Он нравился нам, великий имитатор. Ибо в ту пору, когда всю литературу выжимало в имитацию литературы, он один имитировал с удовольствием, с артистизмом, без натуги — имитировал лирику, эпос, трагедию, философию.
Придумывал себя-гения, себя-школу, направление искусства. И мы, им обласканные и обольщенные, мастерством его увлеченные, с почтением, если не с восторгом, приближались к его муляжам, наивно поражаясь их сходству с подлинными предметами поэзии.
Было у него чему поучиться!
…Поэты нередко про себя выдумывают, изображают позу, но беззащитно себя раскрывают; если вдуматься, вчувствоваться в стих, в нем всегда ощутишь подлинное душевное устройство и порой посмеешься или поплачешь, обнаружив беспомощный механизм горькой или утешительной выдумки.
У Сельвинского — иное. Он выдуман весь, от точки до точки. От характера до биографии, от чувств до мыслей, от любви до ненависти, от друзей до врагов. И в какую-то пору выдумка эта соответствовала духу времени, жаждавшего воплотиться в формы «монументальной пропаганды», когда Охотный Ряд разлиновывали гигантскими фигурами пролетариев и красноармейцев со знаками новой символики.
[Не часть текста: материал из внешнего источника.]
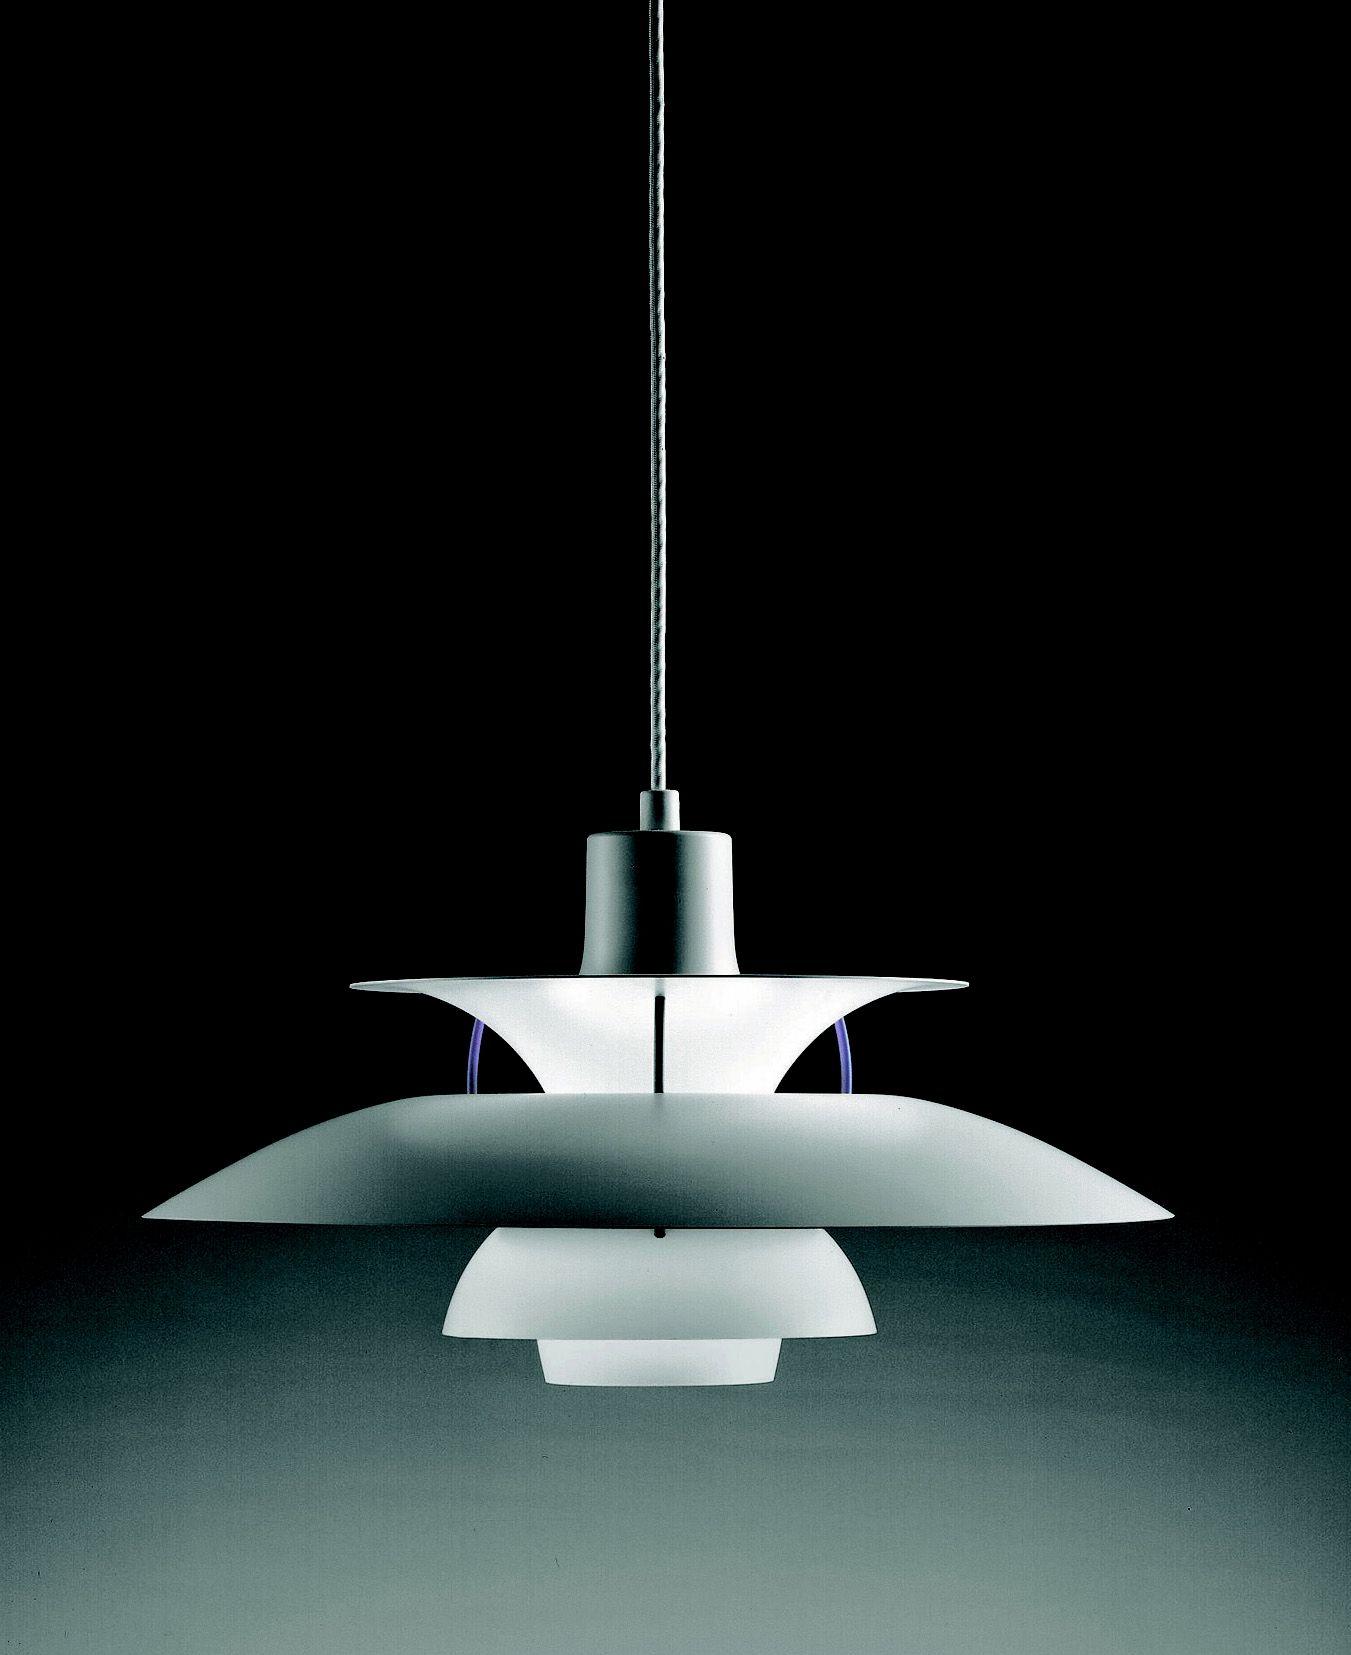 Full Size of Designer Lampen 14 Online Shop Inspirierend Regale Esstisch Wohnzimmer Deckenlampen Stehlampen Bad Led Betten Badezimmer Modern Esstische Für Wohnzimmer Designer Lampen

Но для монументального искусства нужен подходящий материал. Иначе оно быстро линяет. Слинял и Сельвинский. Давно стал крошиться его искусственный мрамор.
Сельвинского, до того как однажды осенью 38-го года решились мы — Коган, Наровчатов и я — явиться к нему, видел я уж не помню где. Лет ему было сорок. Седина еще не пробивалась в шатенисто-волнистых волосах украинского еврея (нацию свою он тогда именовал — крымчак). Очки в толстой оправе. Прищуренные глаза. Одет в спортивный костюм, в бриджи, бывшие тогда признаком технократизма. Широкоплечий, крепкий, уверенный в себе человек, рано познавший славу.
Непобедимый стан
Этот человек, может быть, и вовсе недостоин воспоминания, не то что целой главы, хотя бы и самой маленькой.
Все же я посвящу ему несколько страниц — не потому, что он сыграл какую-то роль в нашей литературе, а скорее потому, что повлиял известным образом на формирование моего взгляда — каким должен быть писатель. Точнее сказать, он был для меня ранним образцом того, каким писатель быть не должен.